Copy the data that follows exactly as it is, excluding all pictures.

START DATA BLOCK

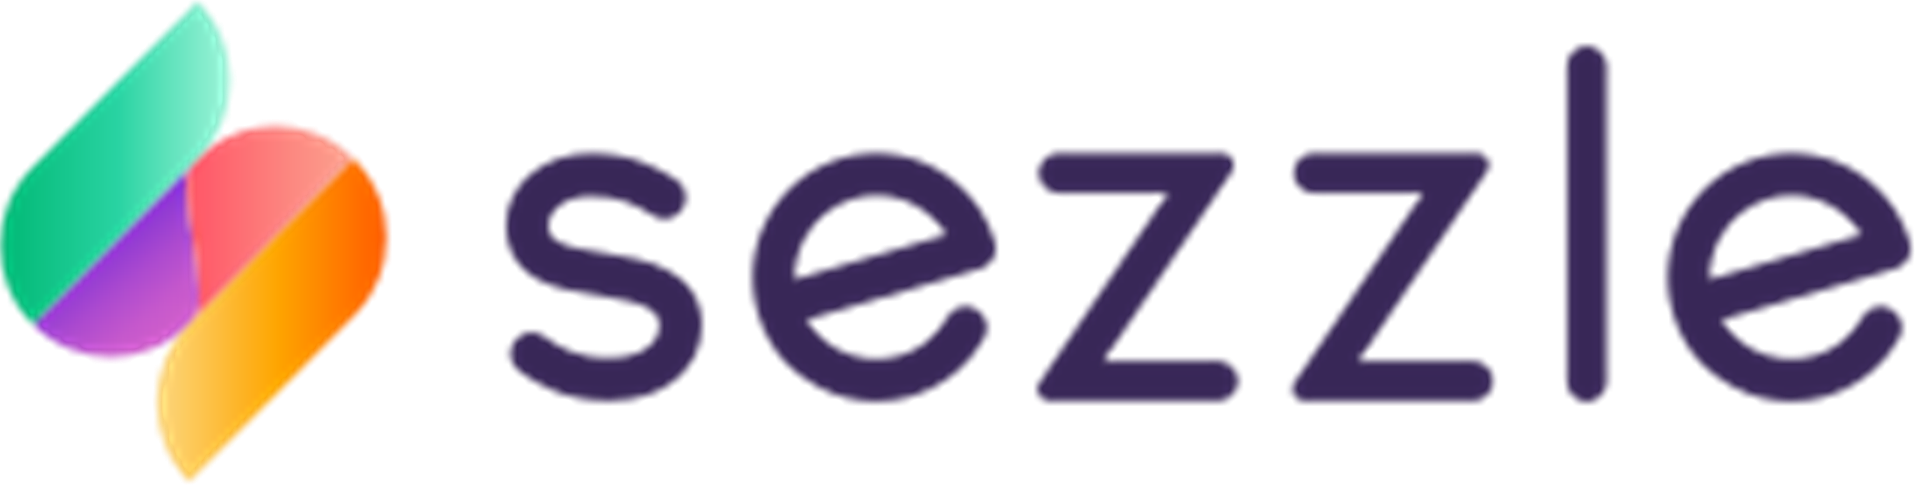 sezzle company
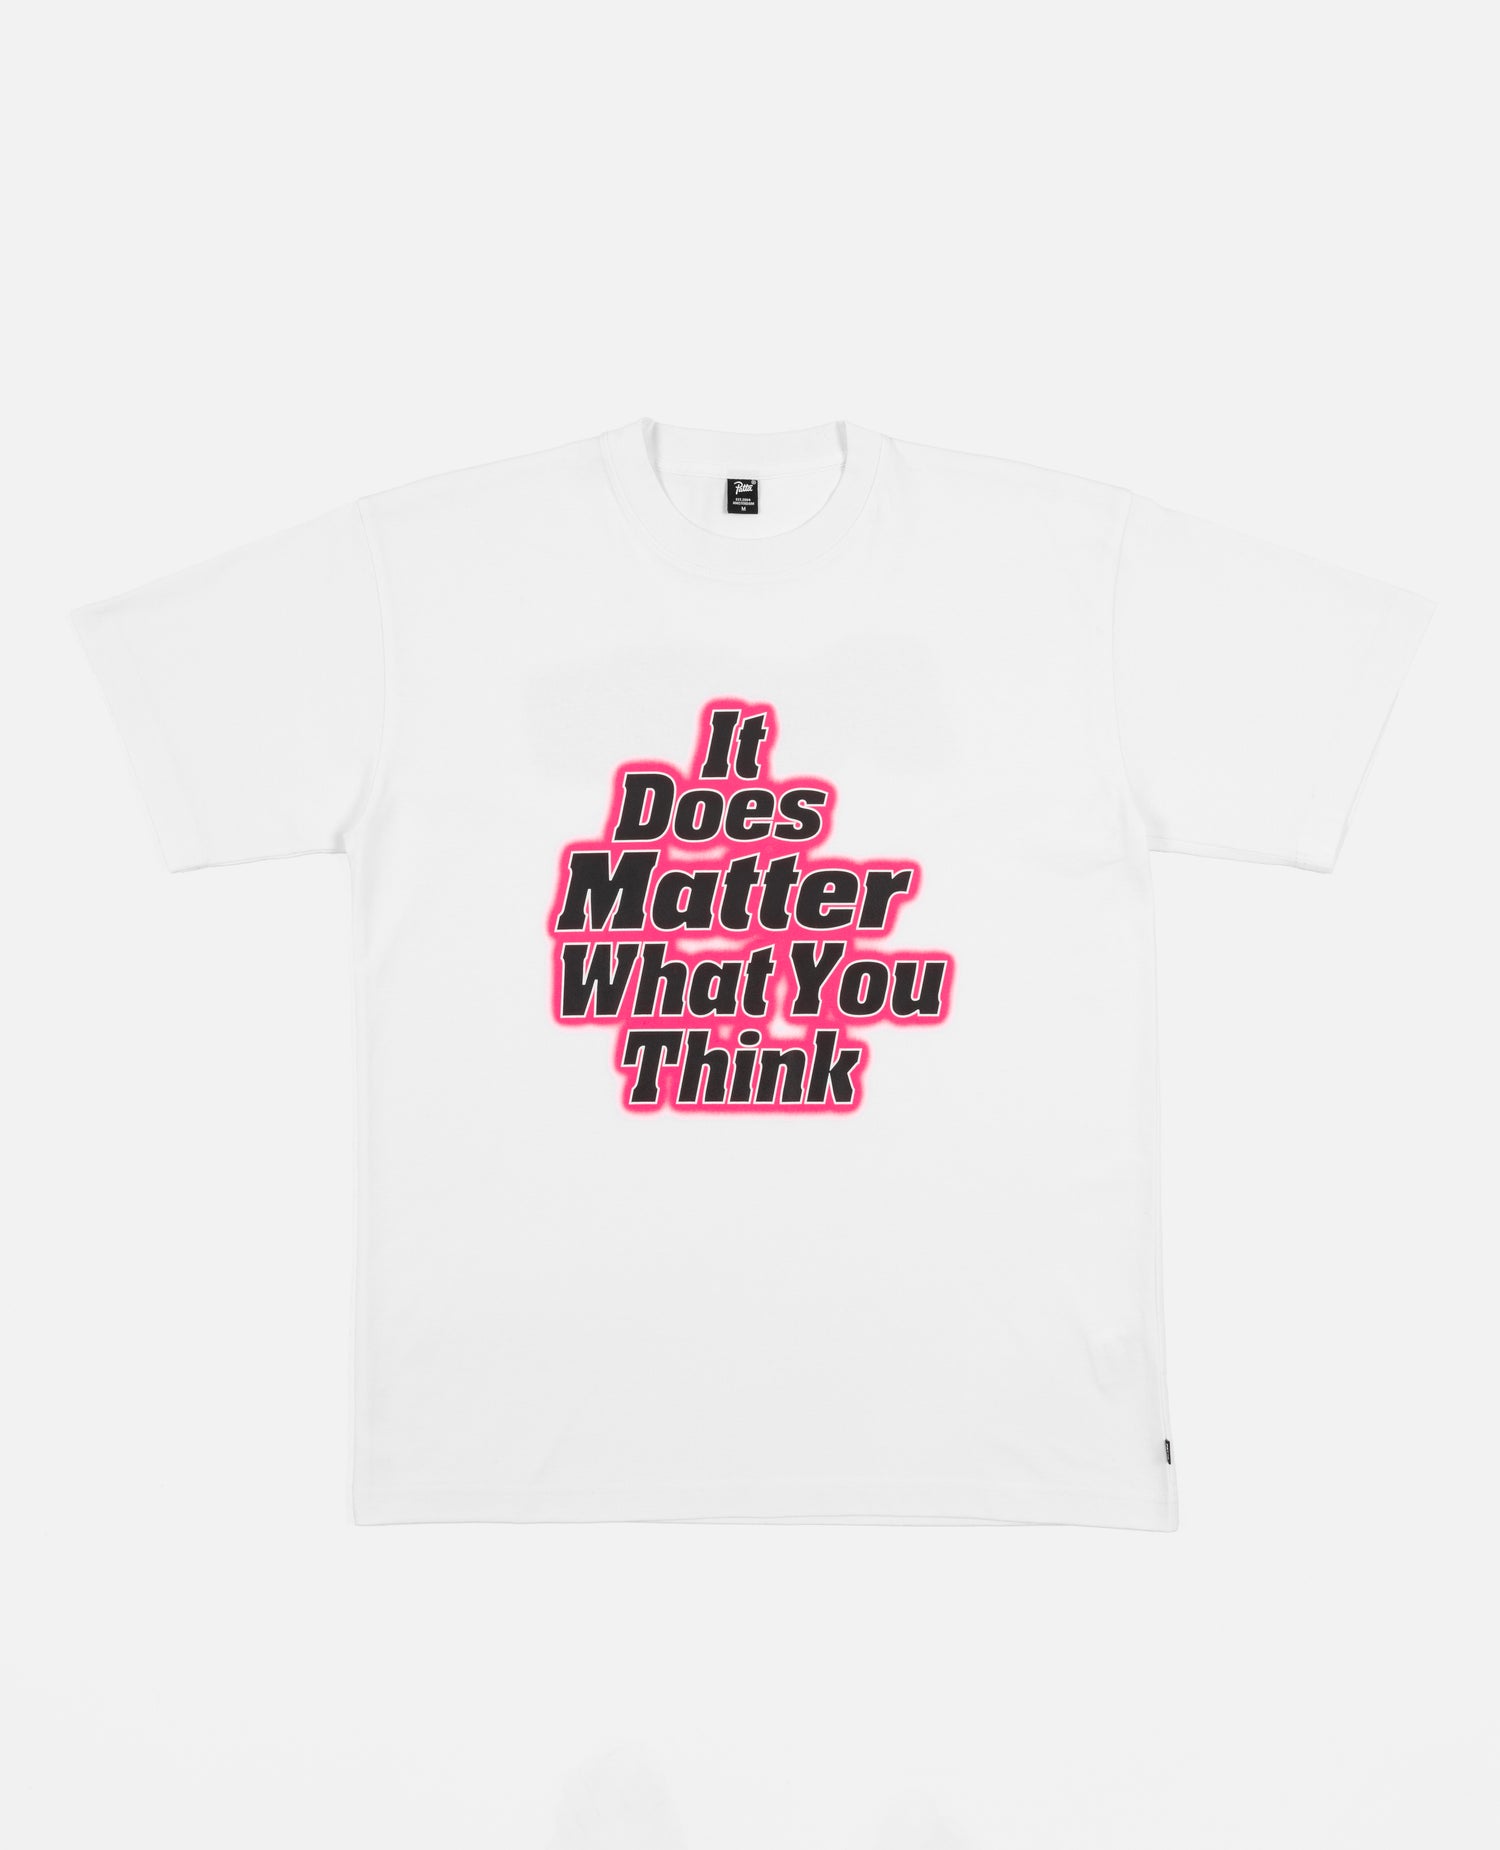 T-shirt Patta, importa cosa pensi (bianco)
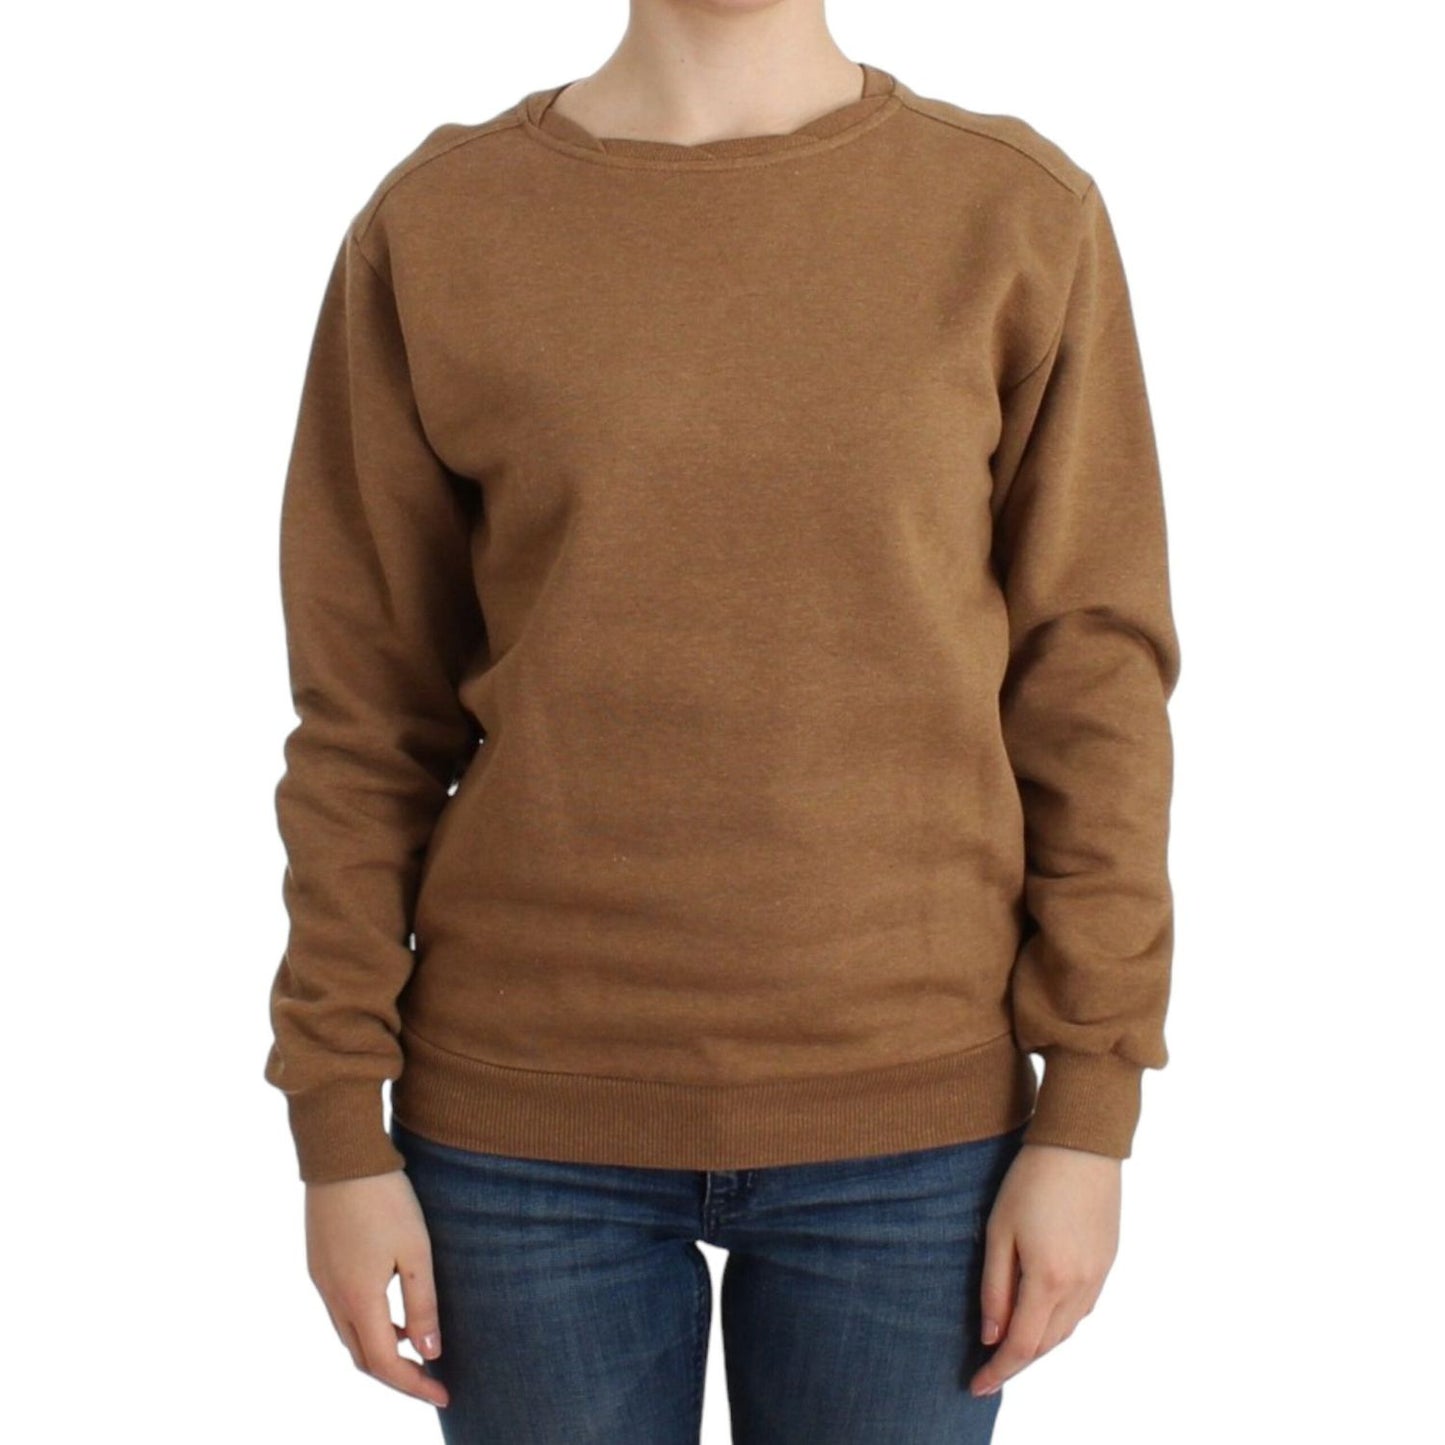 John Galliano Chic Brown Crewneck Cotton Sweater brown-crewneck-cotton-sweater 5844-brown-crewneck-cotton-sweater-scaled-2c3af097-c3c.jpg

END DATA BLOCK

## TASK OUTPUT
 sezzle company
 T-shirt Patta, importa cosa pensi (bianco)
 John Galliano Chic Brown Crewneck Cotton Sweater brown-crewneck-cotton-sweater 5844-brown-crewneck-cotton-sweater-scaled-2c3af097-c3c.jpg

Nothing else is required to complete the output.